NS: Yeah, so the historical account that we came up with was one in which we felt that class analysis had acquired a new salience, or rather re-acquired a salience in American life. Certainly in the wake of Occupy, the perception that inequality was sort of now the topic of the day and it seemed very clear to think that one of the fundamental conflicts, if not the fundamental conflict undergirding American society, was one in which ruling class or exploiting class was dominating or extracting the fruits of the labor of working class, or like, you know, 99 percent. And so it was important to figure out where—because the funny thing is this had not been true for a long time, the importance of this kind of discourse. So we looked back to a moment when in the 1970s, I’d say, the discourse underwent a kind of crisis. It went through a legitimation crisis and one of the things that went wrong was the decline of this sense that organized labor was a progressive force in the U.S. There had been the sense that labor was a kind of static force, a force of the status quo-
ER: And unions as well, right?
NS: Yeah, yeah. Unions in particular. This was signaled especially in 1970 on Wall Street when hard-hat construction workers attacked Vietnam War protestors, and so the hard-hat, which happened to be—the construction trades happened to be very white, extremely male, and largely conservative and supportive of the Vietnam War—that became the symbol of organized labor, and there were all these other official movements that had sprung up at the time, not just the anti-war movement, but the movement for women’s liberation, for gay rights, for black liberation, and black power, these were all sort of concurrently struggling against the institutions of the organized left. And I think that they became more and more prominent in the 1980s in intellectual treatments of this period. So we talk a little bit about this very, now somewhat forgotten book, Hegemony in Socialist Strategy by Ernesto Laclau, who just died, and Chantal Mouffe, which became an intellectual defense, regarding these new social movements, and sort of central to any account of our time and to disregard and turn the old Marxist or Leftist idea that the working class was the agent, the motor of history. And I think this argument had real power. It seemed to reflect the world at large and it seemed to validate, it seemed to be a way of accounting for a lot of what had happened in the 1960s or ’70s. And I think that, that was sort of like the historical account, and now I don’t think that’s quite as true anymore.
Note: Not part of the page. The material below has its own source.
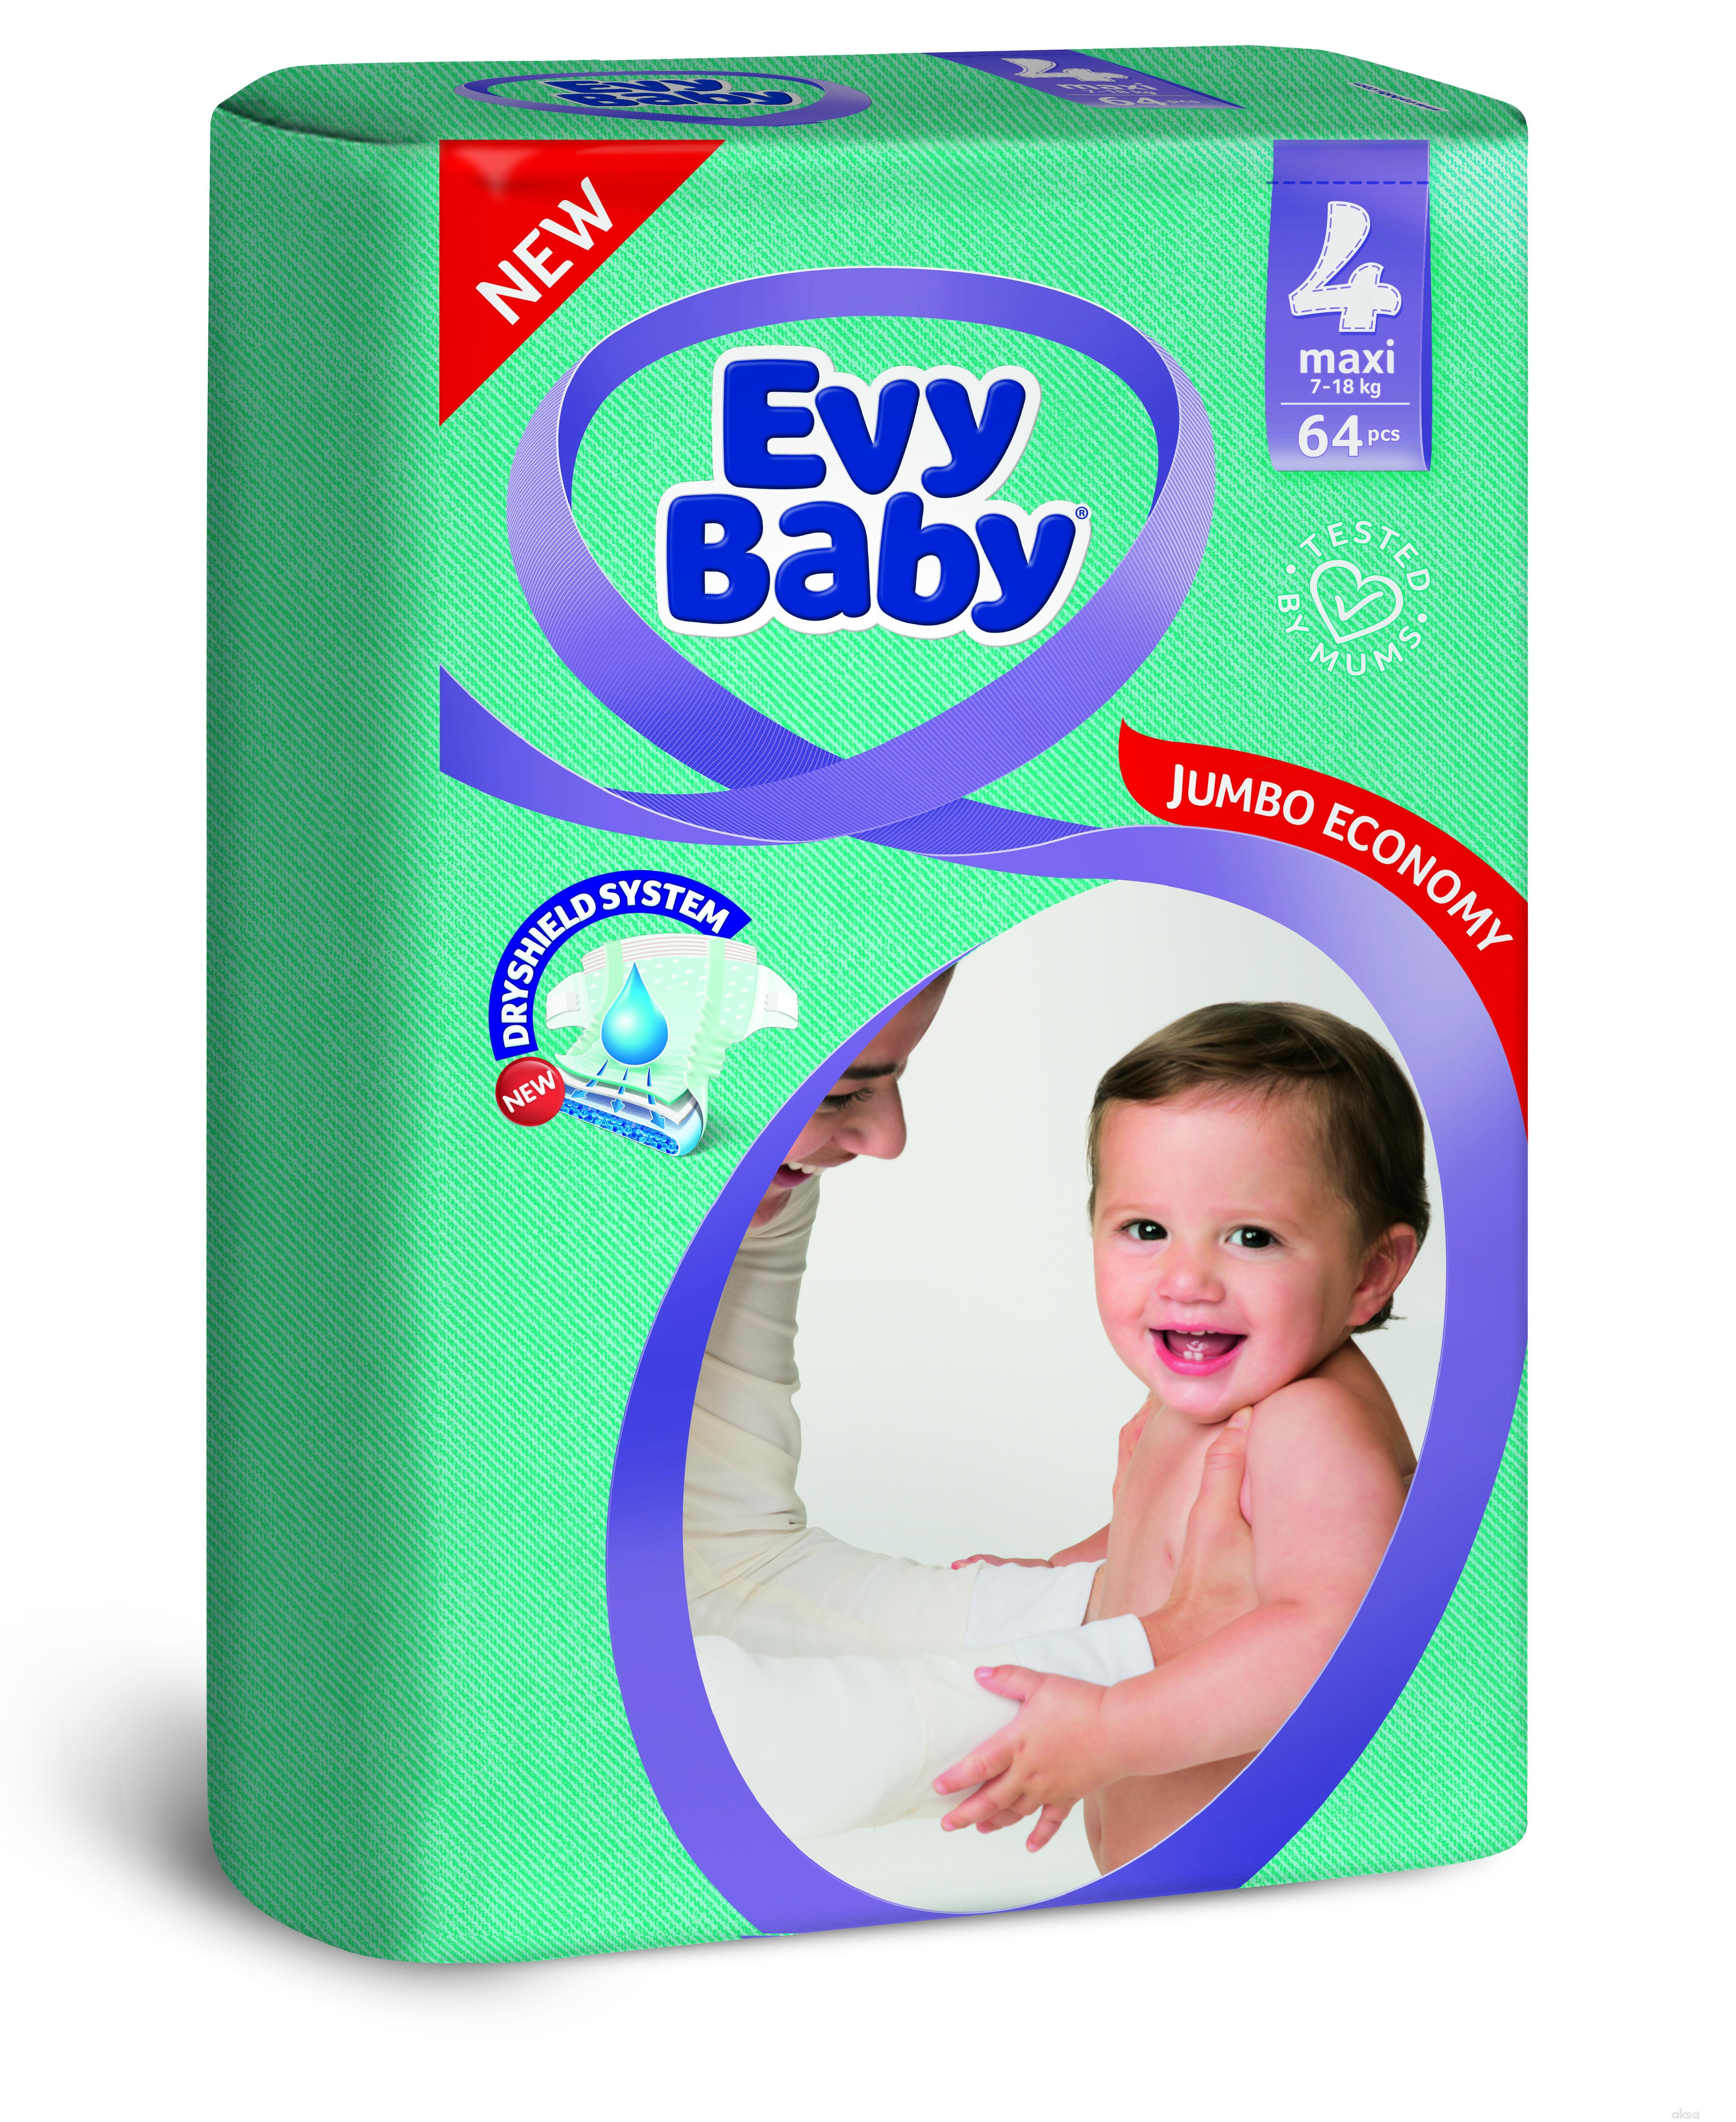 Evy baby pelene jumbo 4 maxi 8-18kg 64kom

I think that class has returned, but that was the thing we were tracing, the prehistory anyway.
AB: Yeah, well it seems, just hearing you speak now, that perhaps at the time looking back and thinking that some of that aspect of the labor movement you could say was suffering from consequences of, say, white privilege or male privilege. That the kind of move there is to disrupt major narratives about there being one agent of change and to also kind of show how one of the effects of exploitation is that it divides us and puts us into these separate boxes where we all have a very slightly different relationship to power.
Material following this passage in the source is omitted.